*** Input data ***

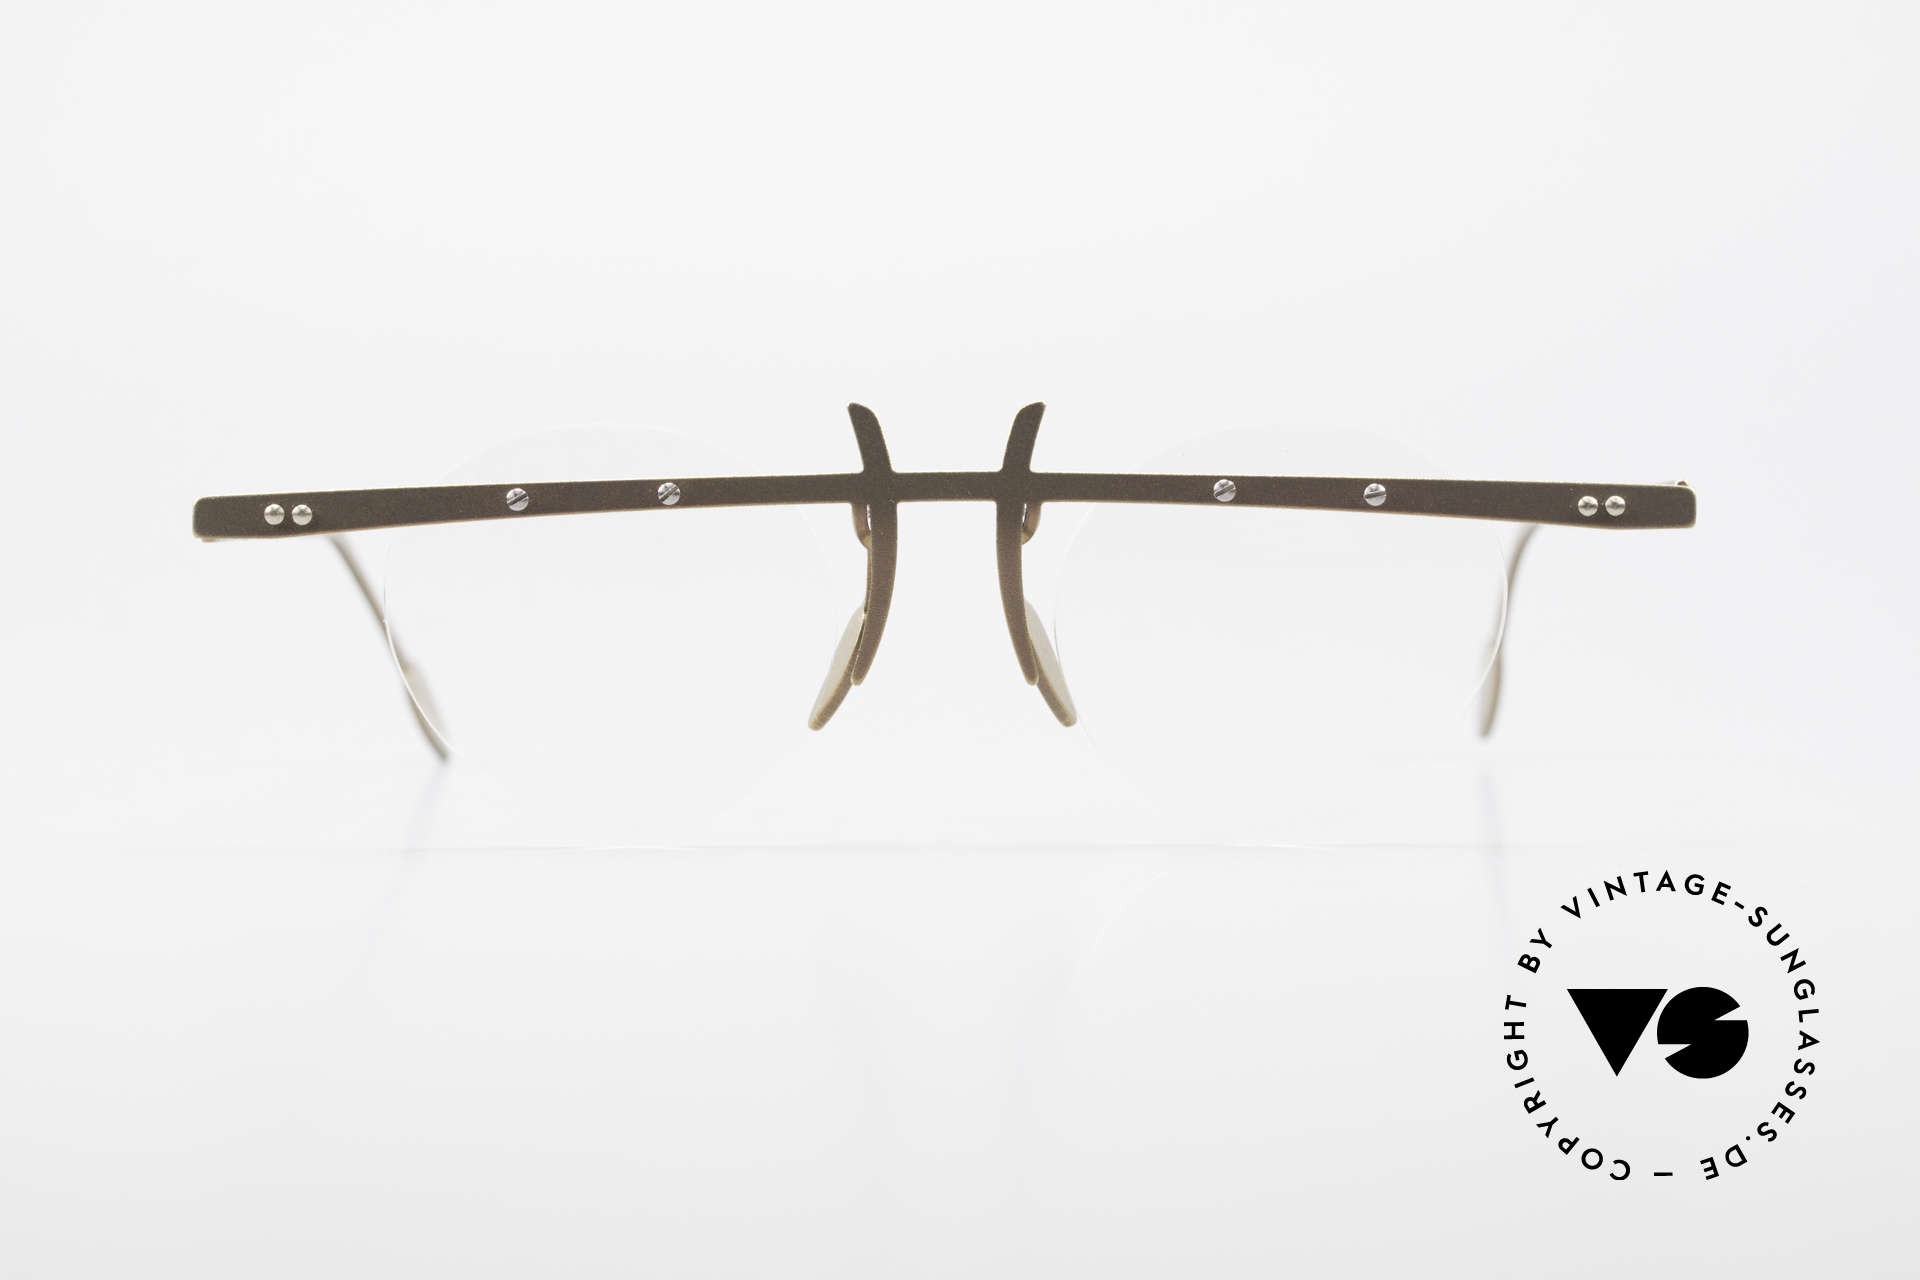 Theo Belgium Tita VI 9 Vintage Eyeglasses Titanium, founded in 1989 as 'anti mainstream' eyewear / glasses, Made for Men and Women
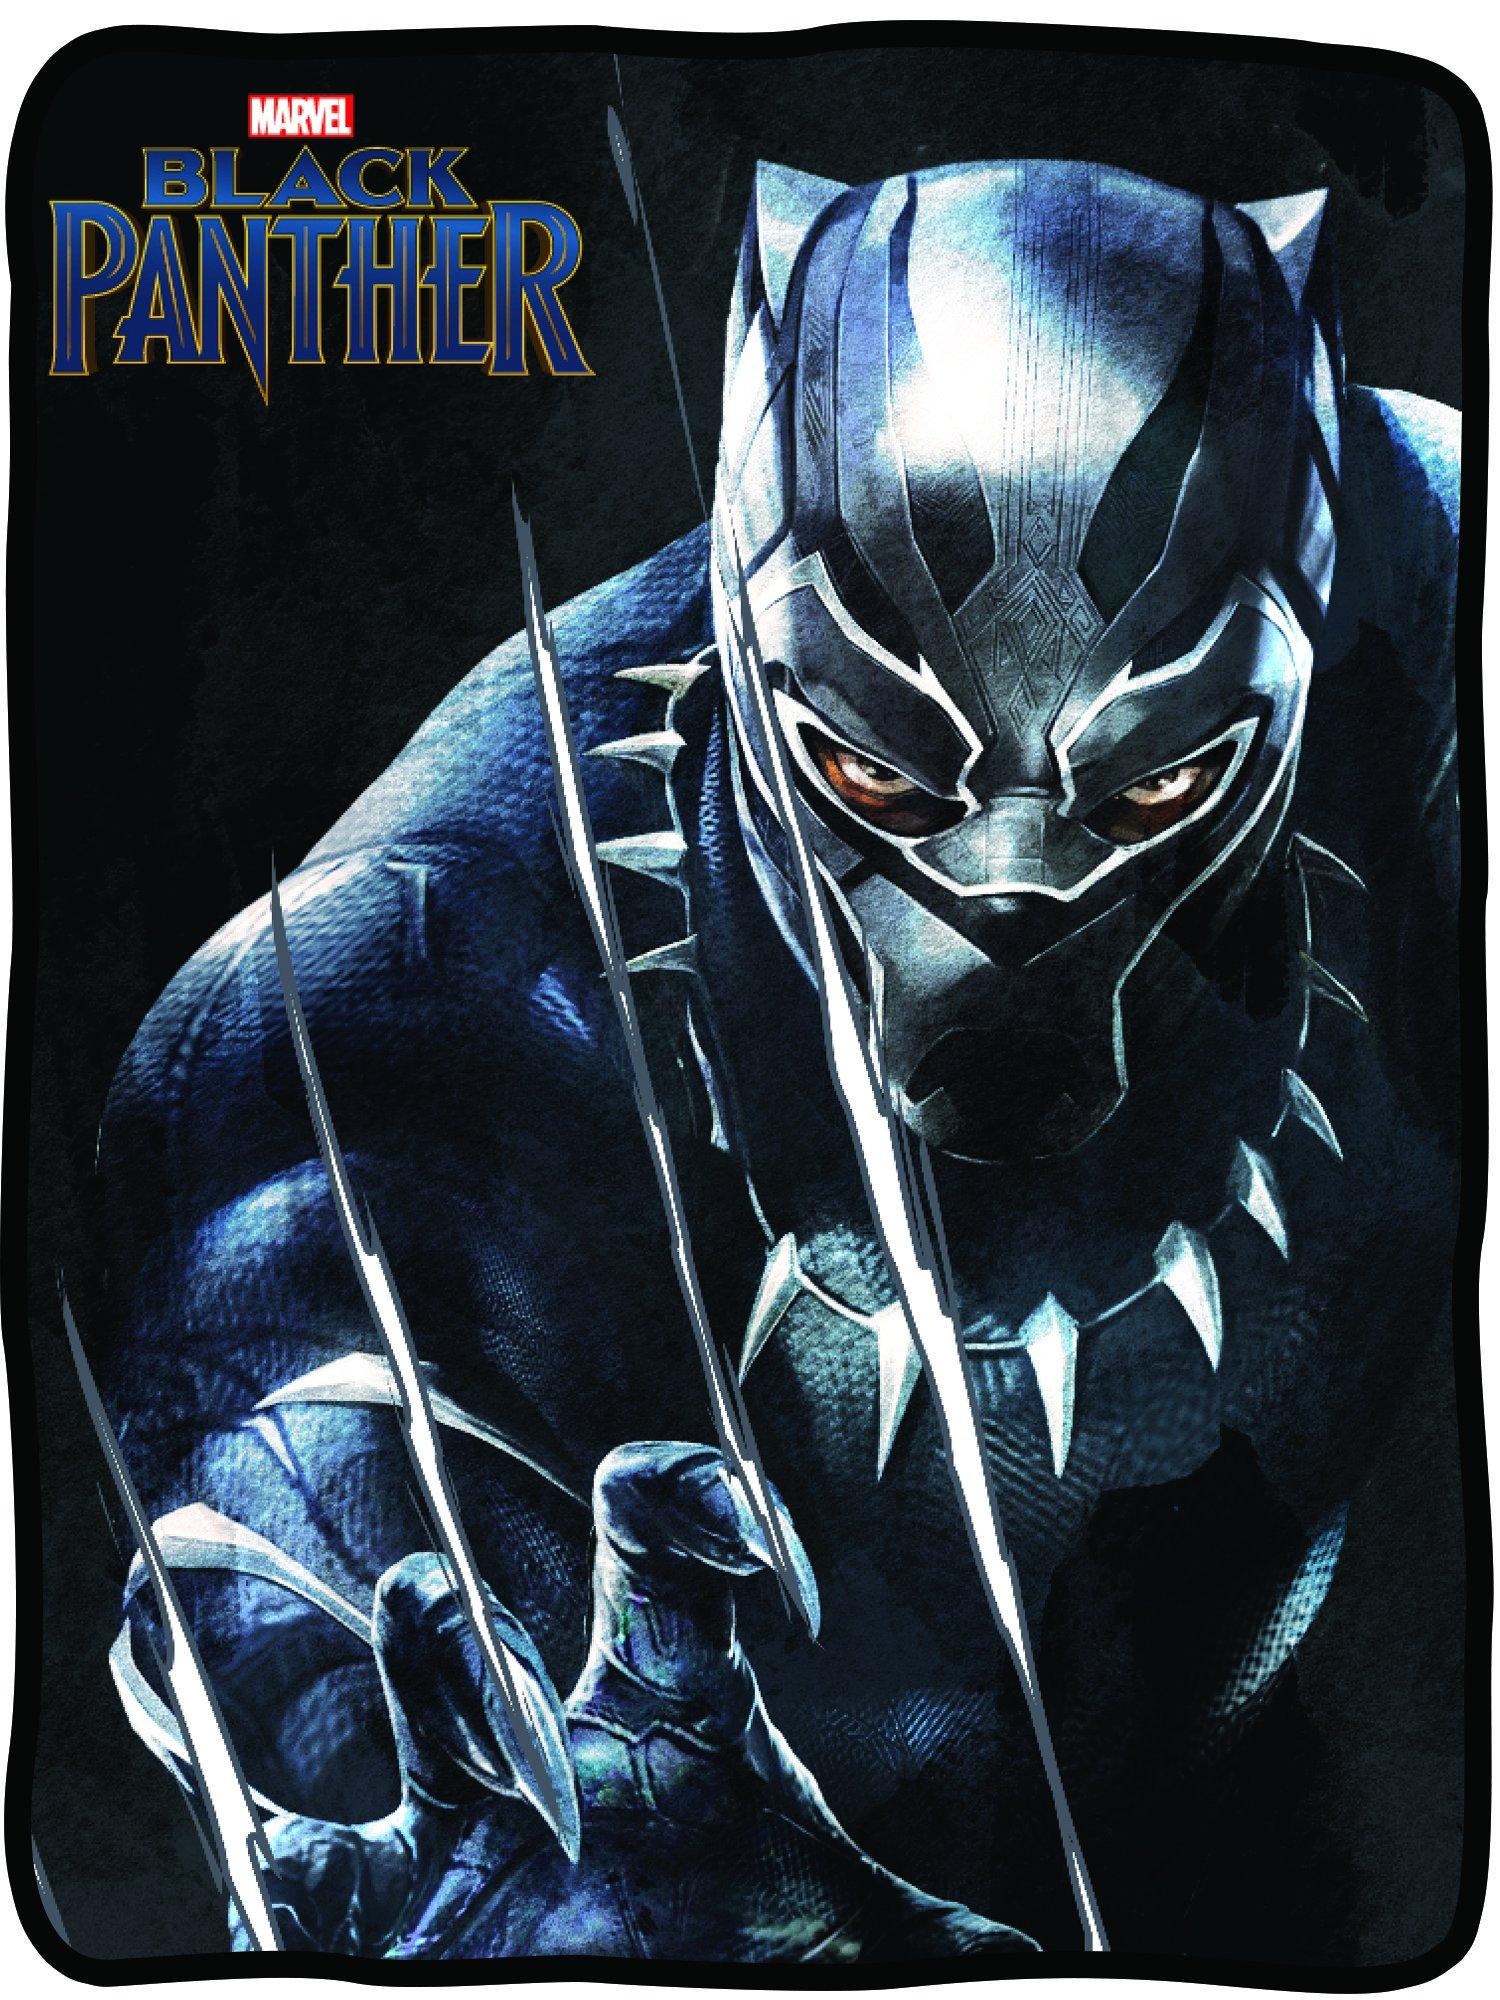 Marvel Black Panther Fleece Blanket - Officially Licensed Marvel Black Panther Movie Soft Silk Throw Bed Blanket by Marvel
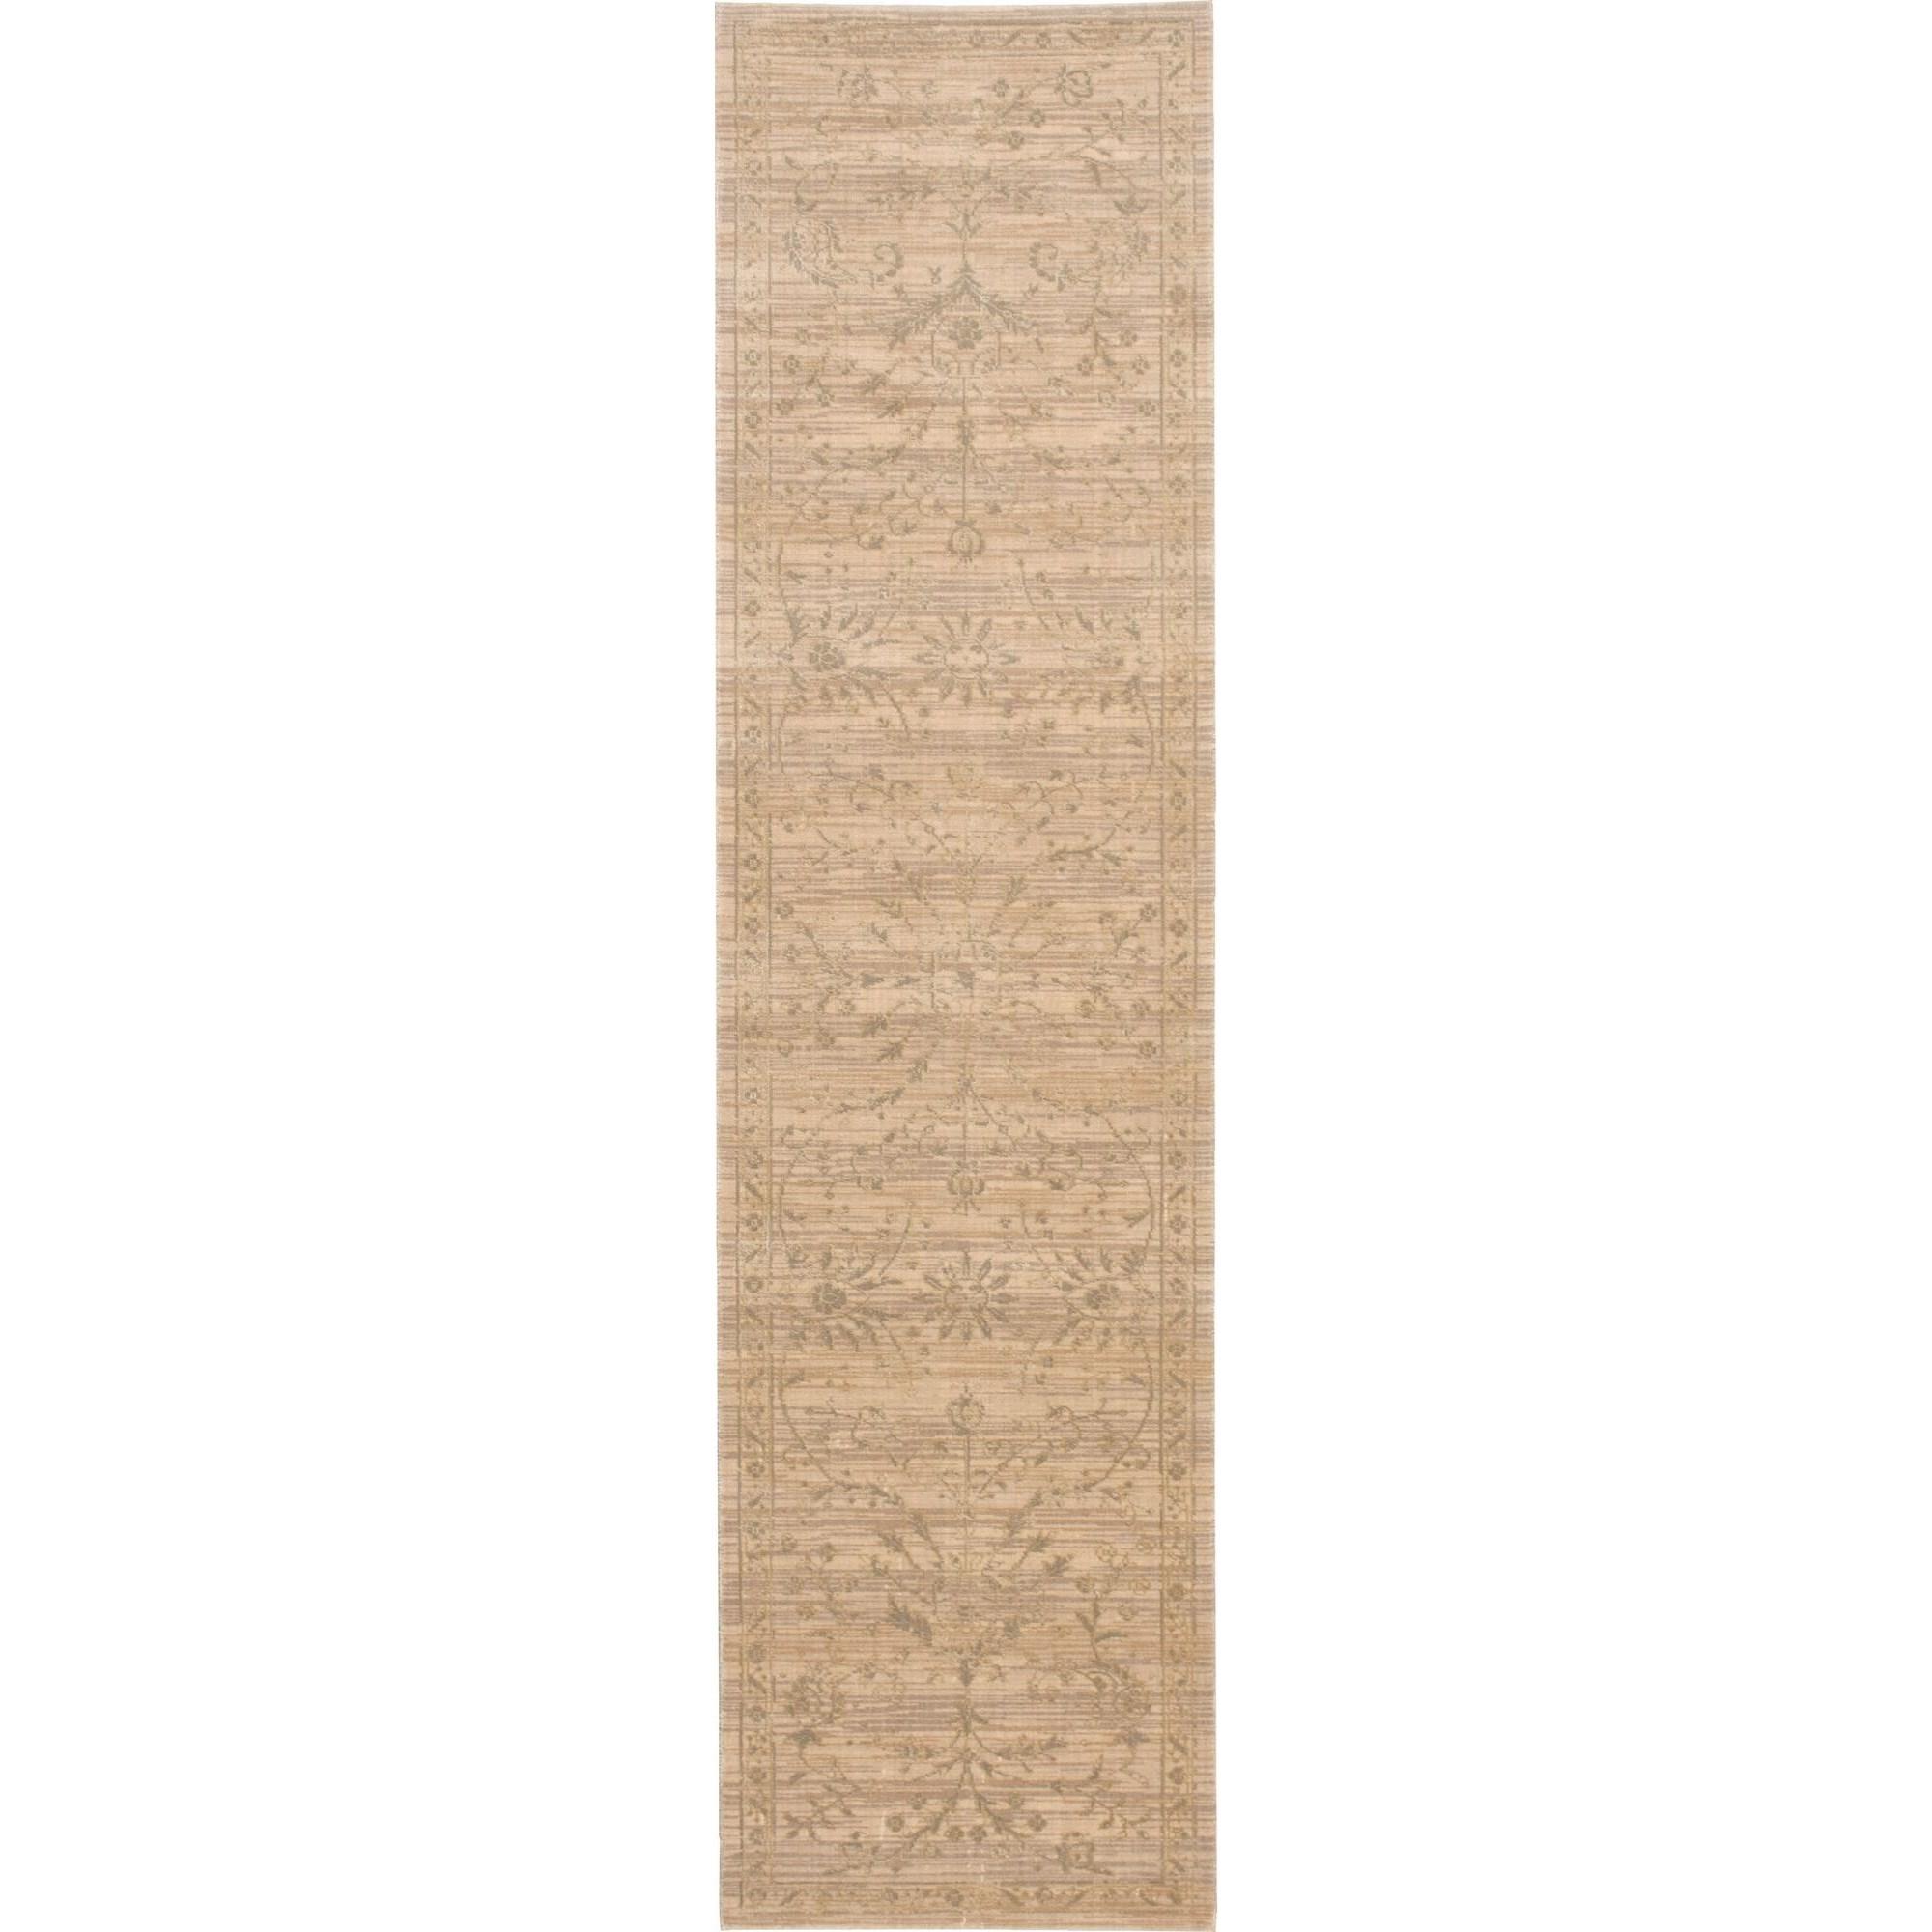 "Nourison Silk Elements 2'5"" x 10' Sand Area Rug - Item Number: 18873"

*** End of Input data ***

» **Instructions for the task**
Provide the listing above once more, exactly, with the pictures removed.

» **Written answer**
 Theo Belgium Tita VI 9 Vintage Eyeglasses Titanium, founded in 1989 as 'anti mainstream' eyewear / glasses, Made for Men and Women
 Marvel Black Panther Fleece Blanket - Officially Licensed Marvel Black Panther Movie Soft Silk Throw Bed Blanket by Marvel
 "Nourison Silk Elements 2'5"" x 10' Sand Area Rug - Item Number: 18873"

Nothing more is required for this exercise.